:: Given material ::
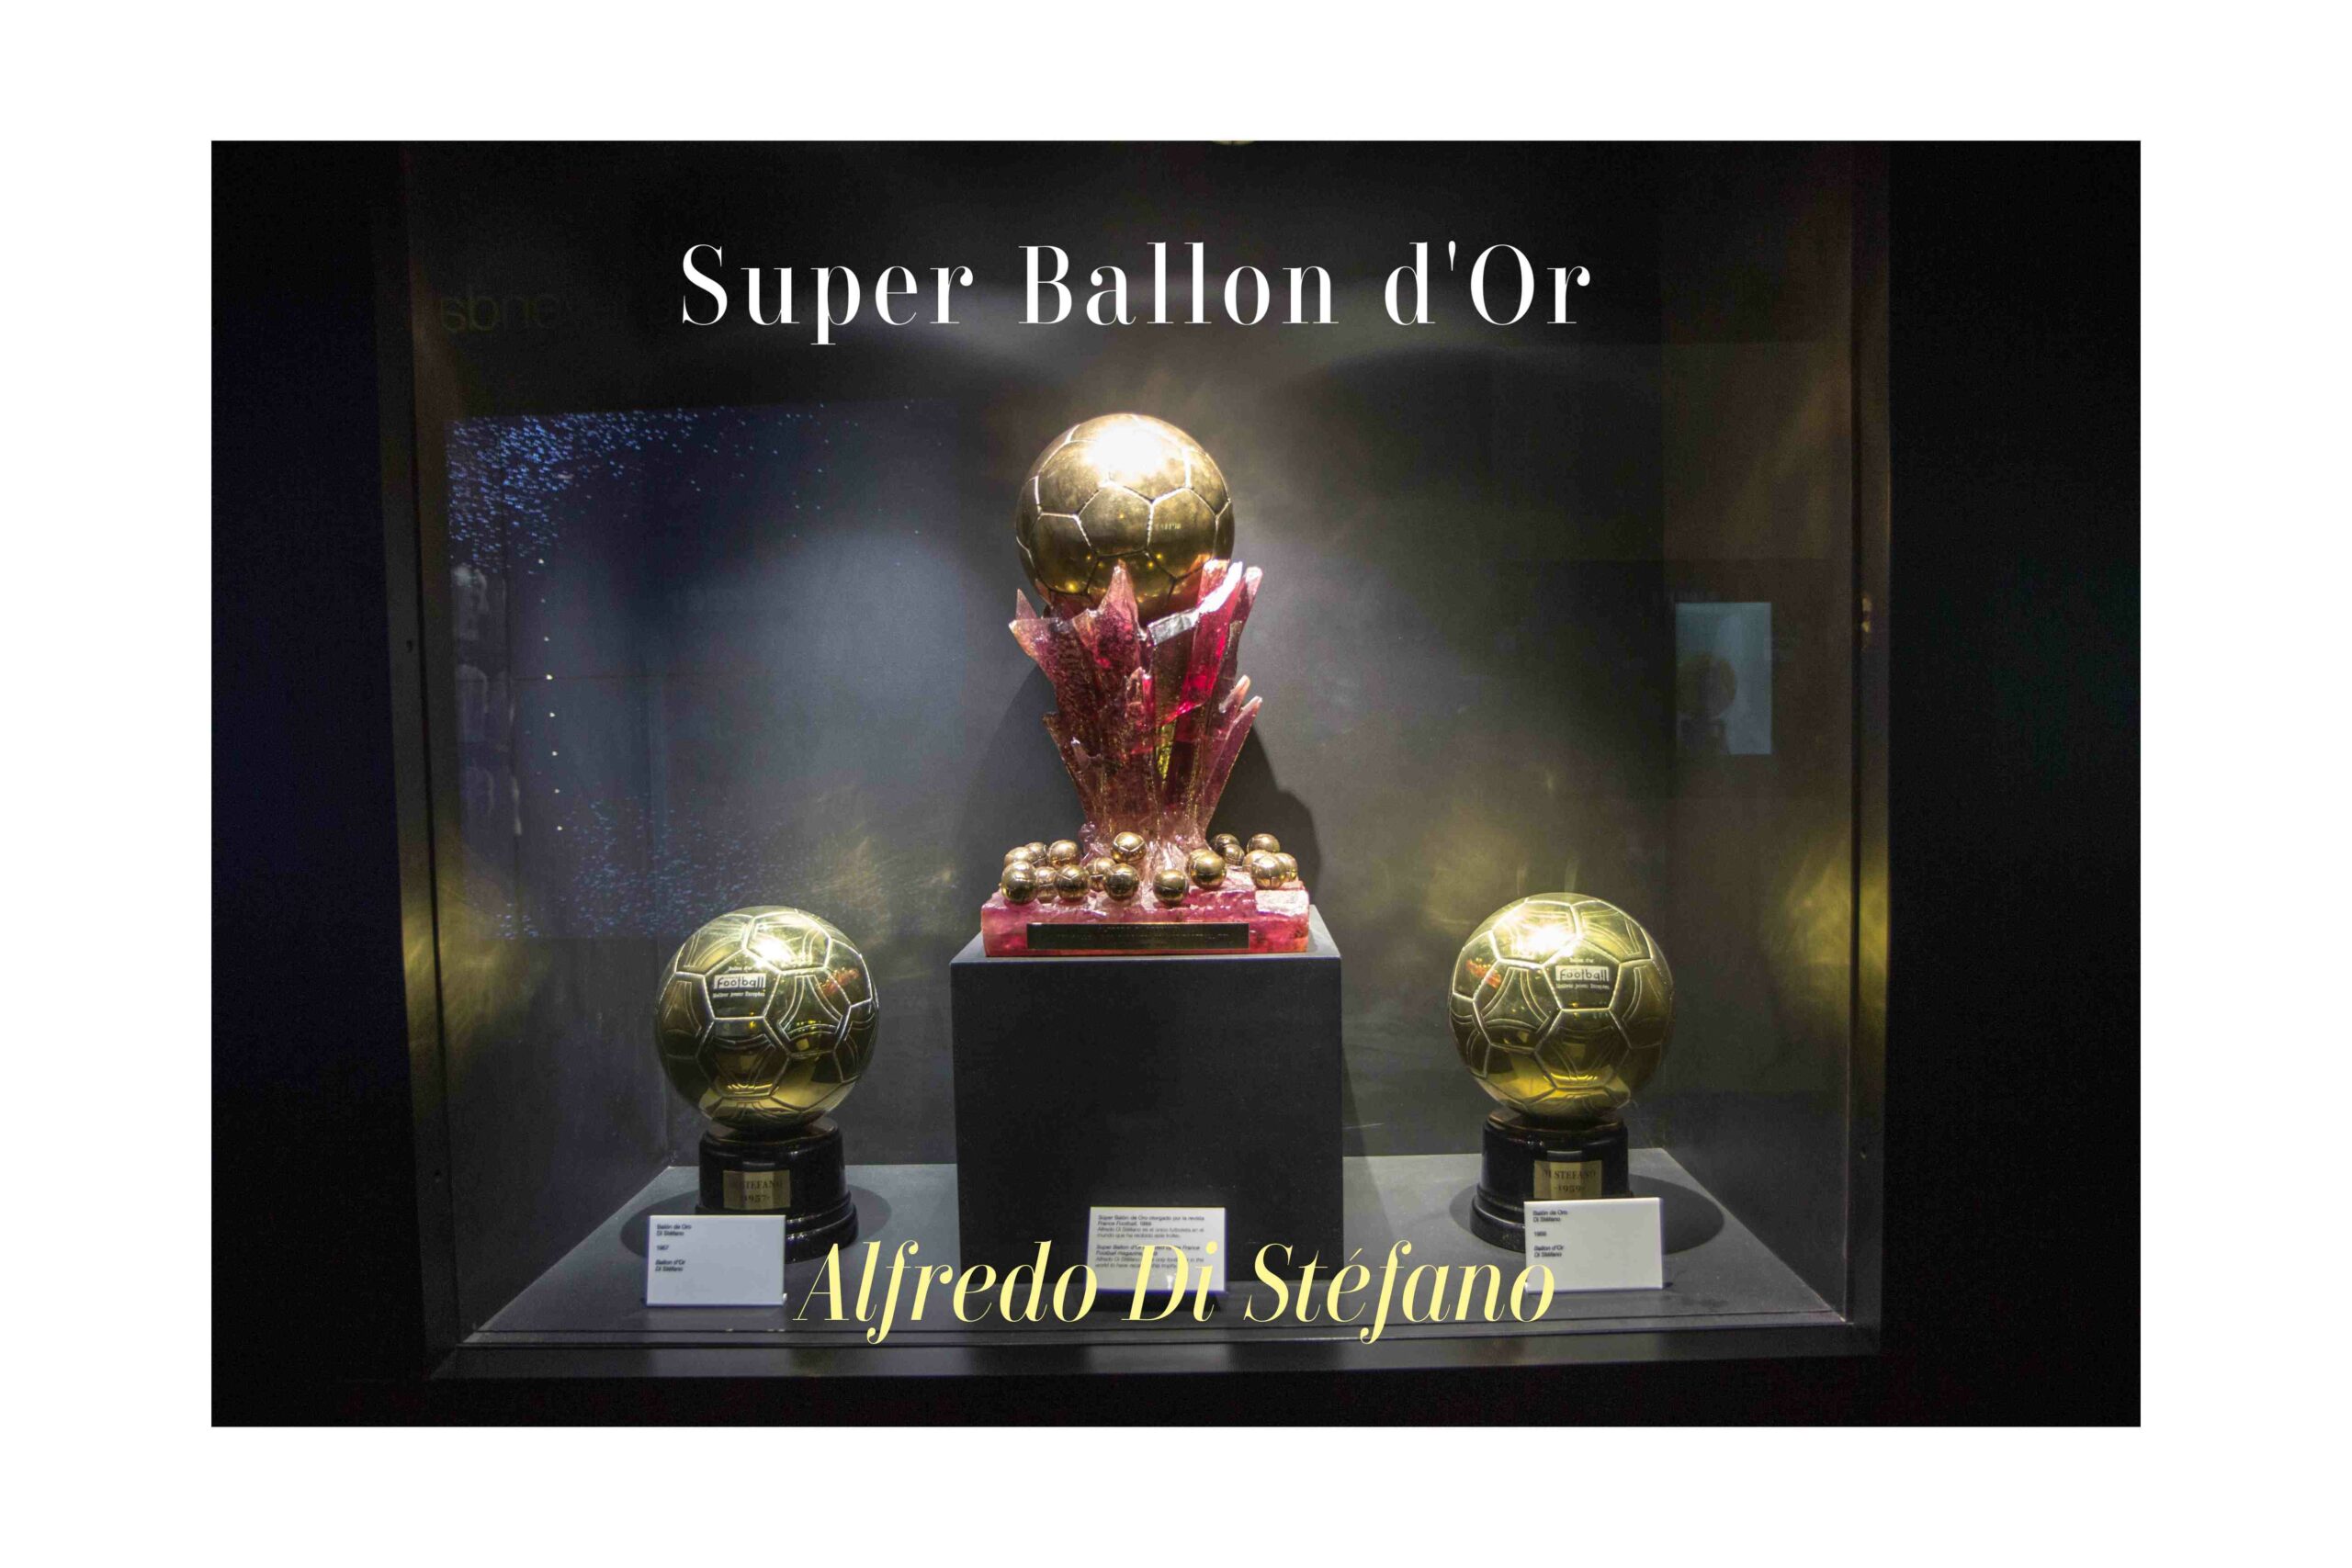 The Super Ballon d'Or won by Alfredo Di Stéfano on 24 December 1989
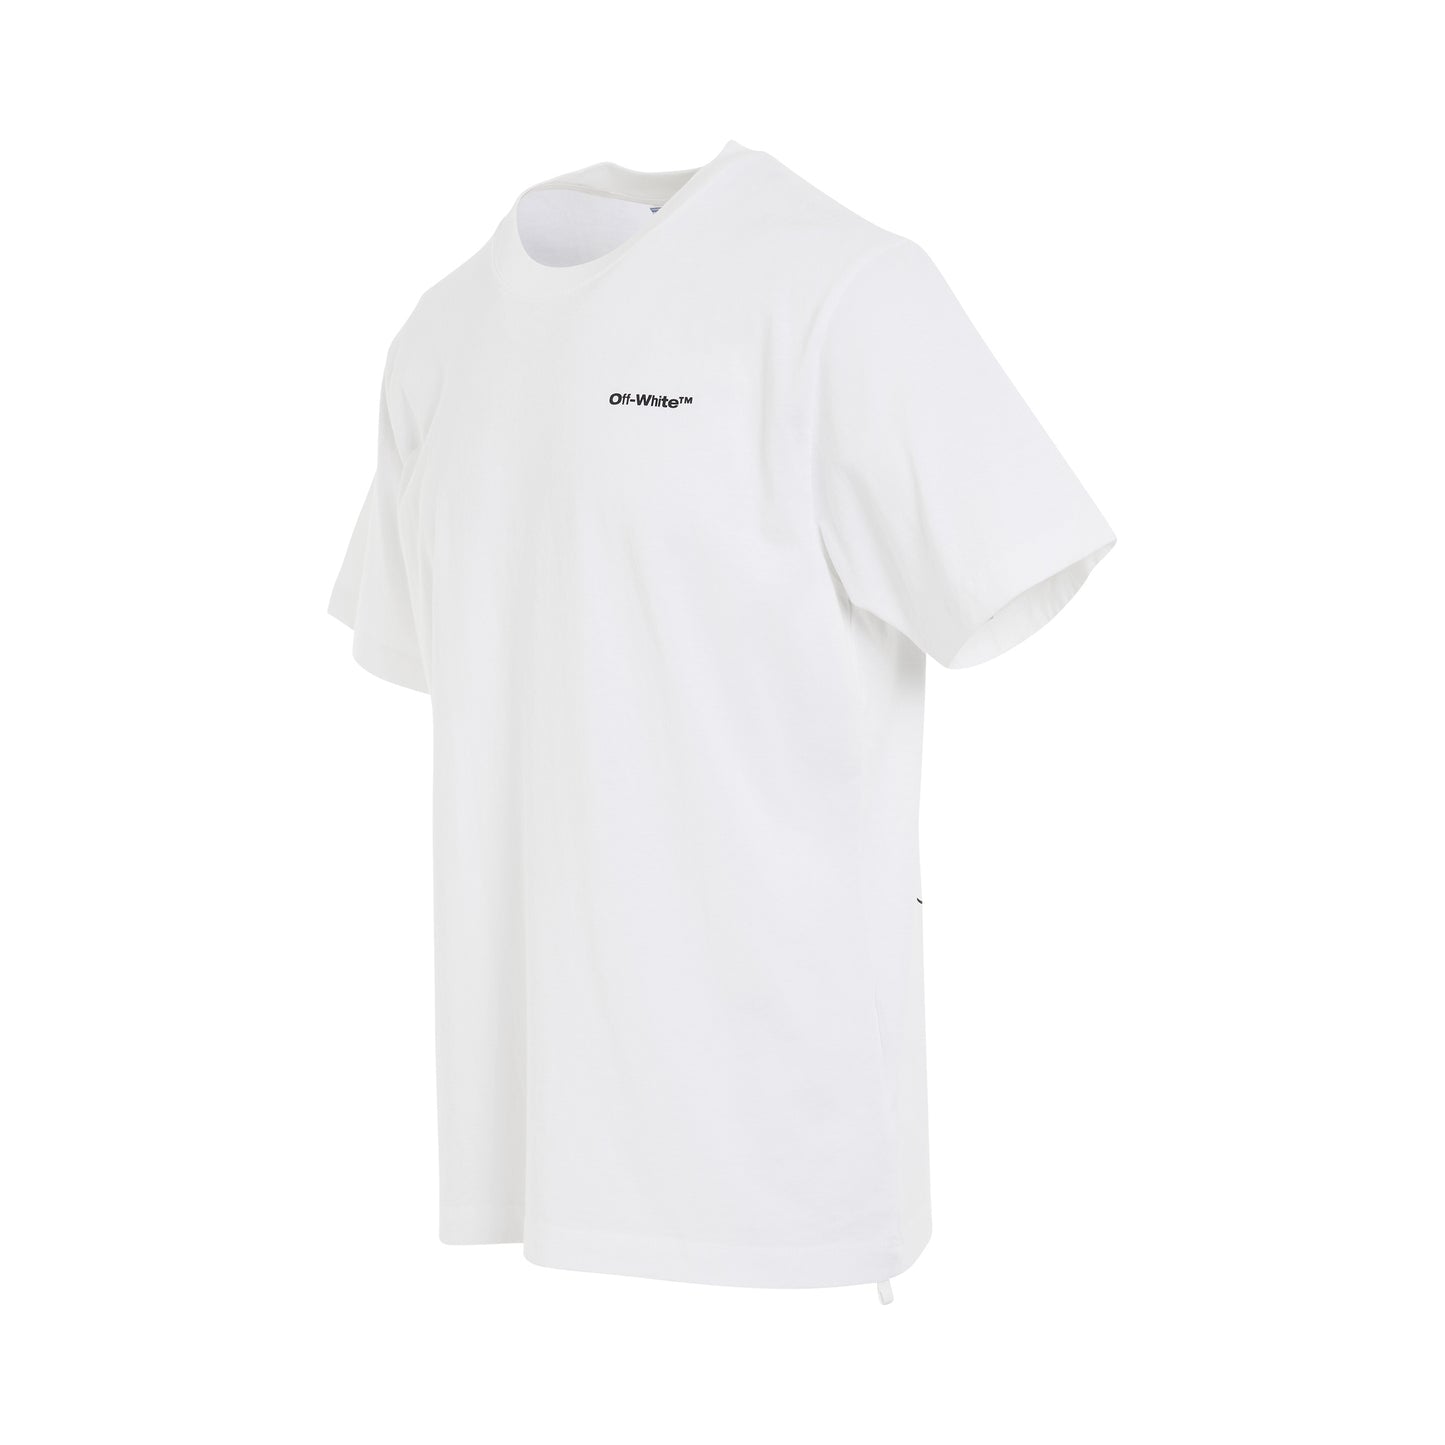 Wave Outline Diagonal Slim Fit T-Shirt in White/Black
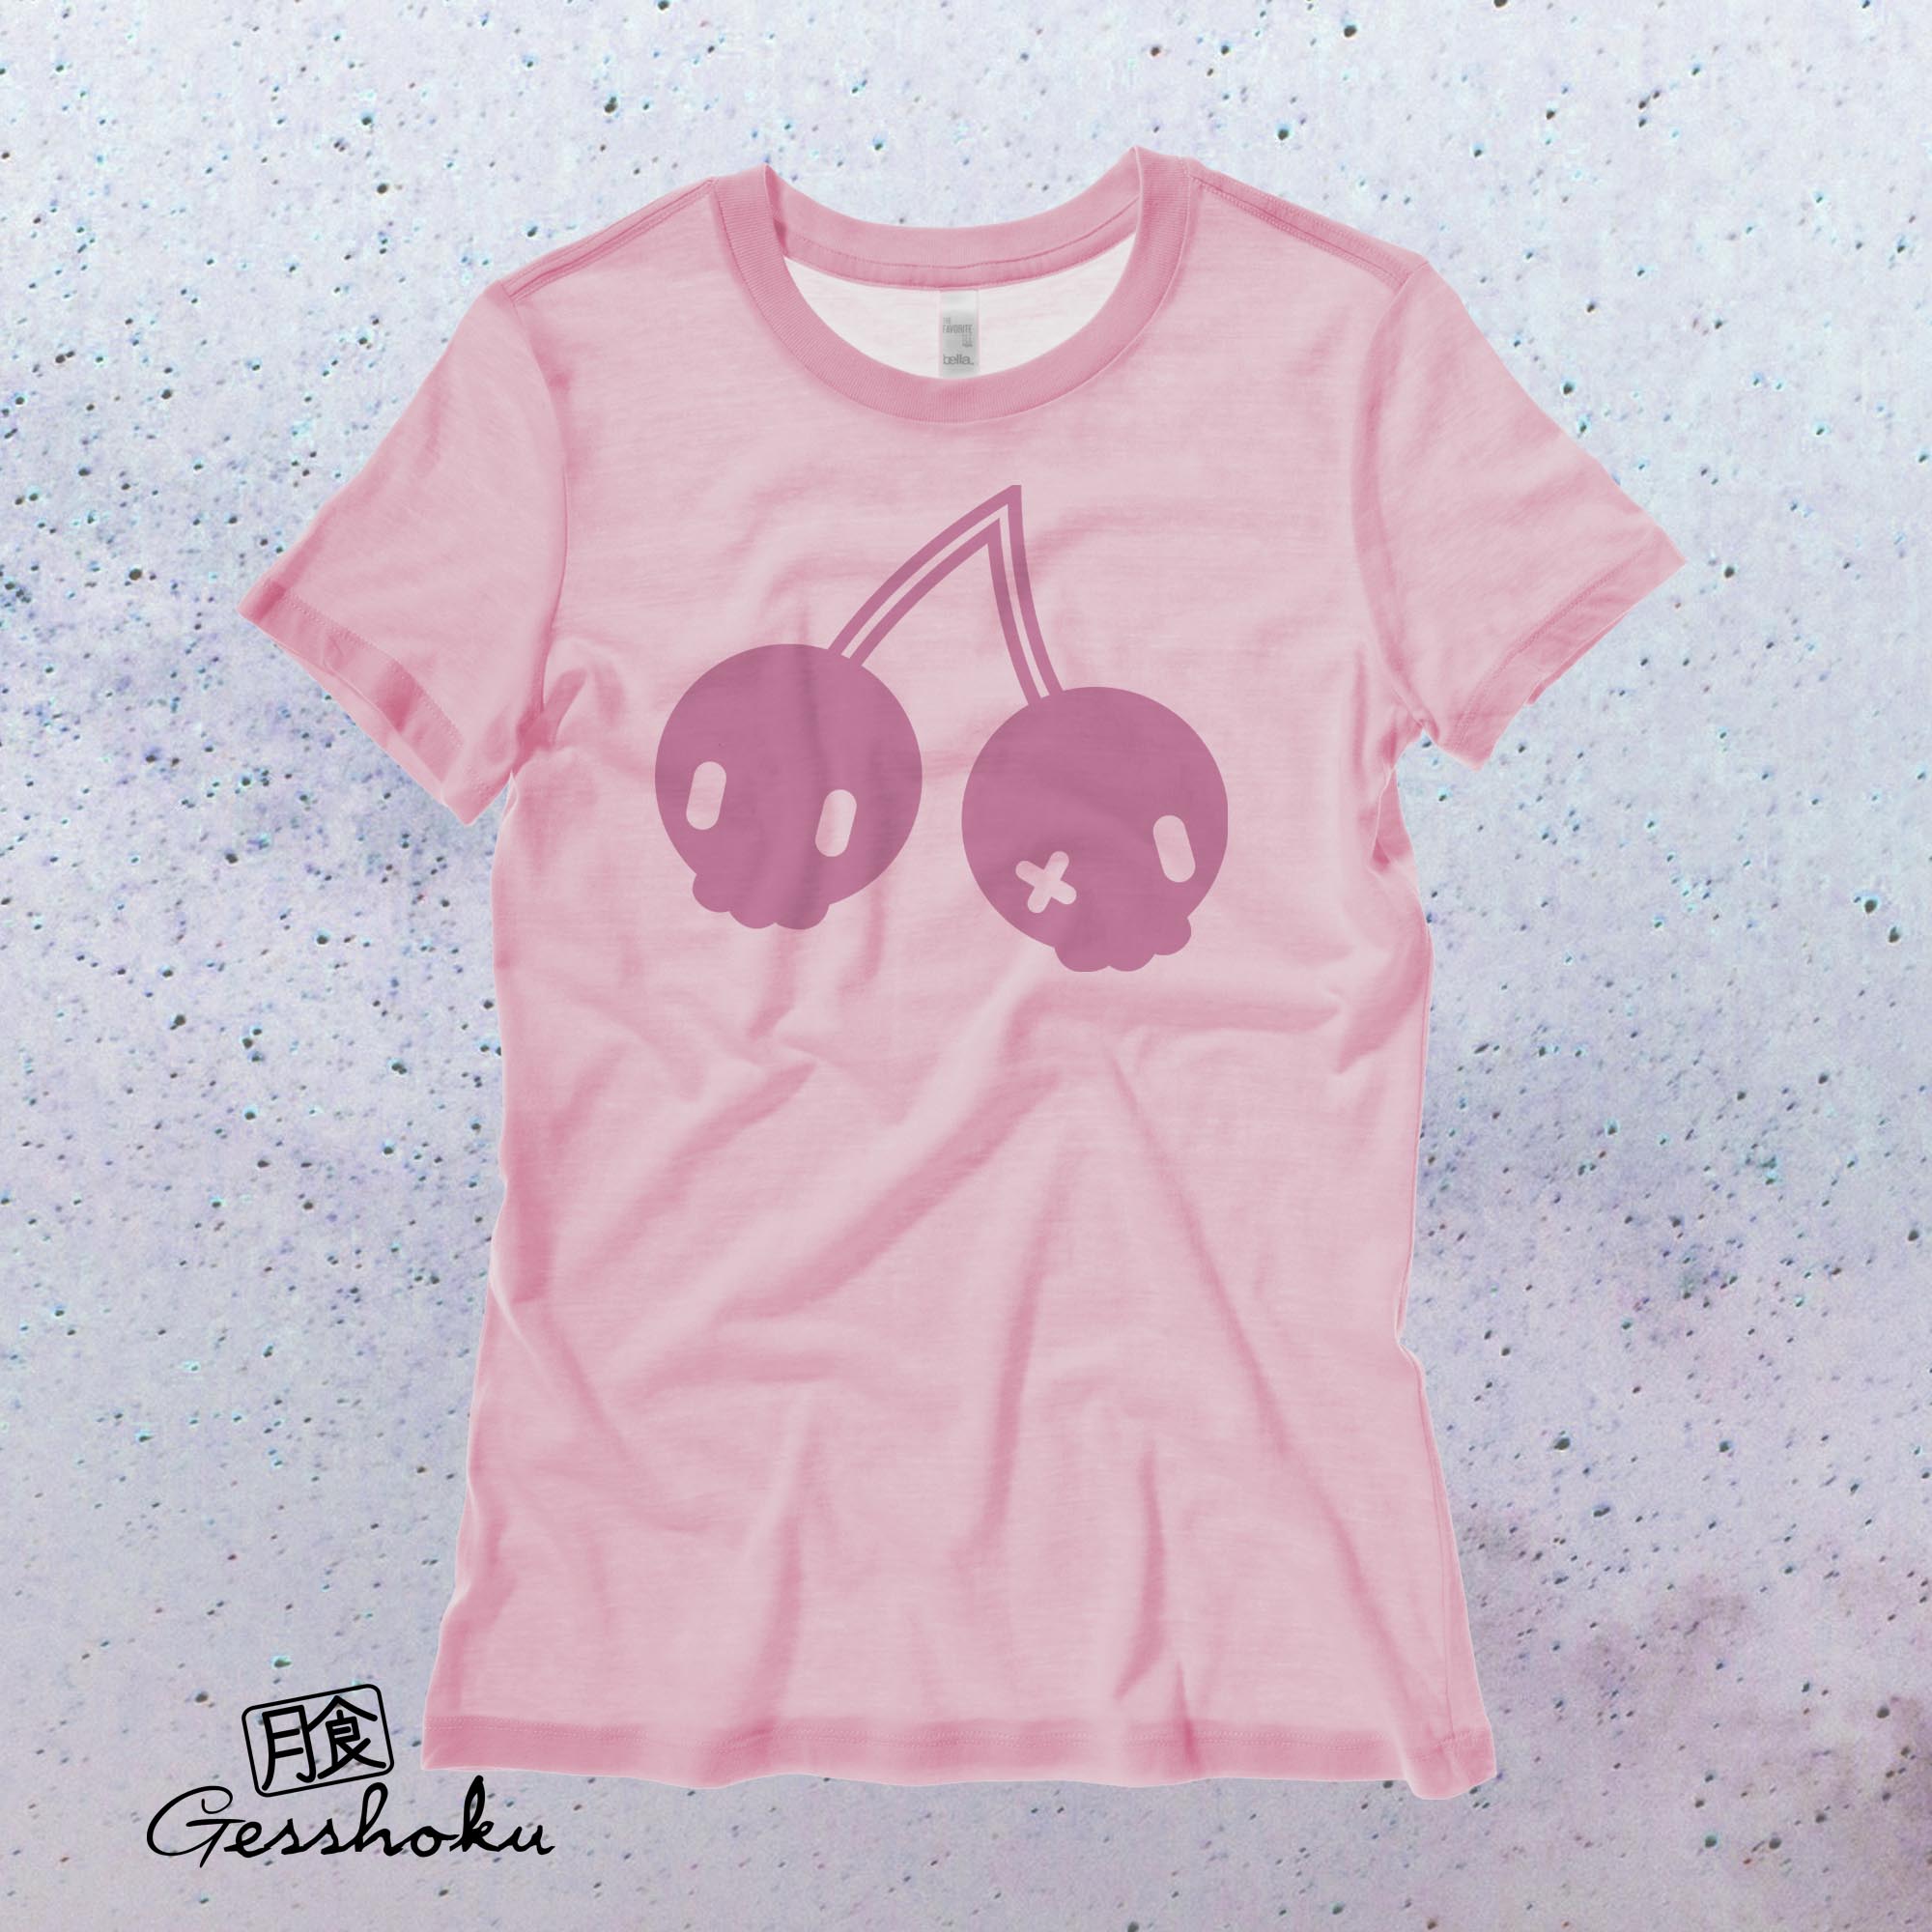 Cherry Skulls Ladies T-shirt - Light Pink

:: Activity ::
Word for word, reproduce all of the data, but keep out the pictures.

:: Response to the exercise ::
 The Super Ballon d'Or won by Alfredo Di Stéfano on 24 December 1989
 Wave Outline Diagonal Slim Fit T-Shirt in White/Black
 Cherry Skulls Ladies T-shirt - Light Pink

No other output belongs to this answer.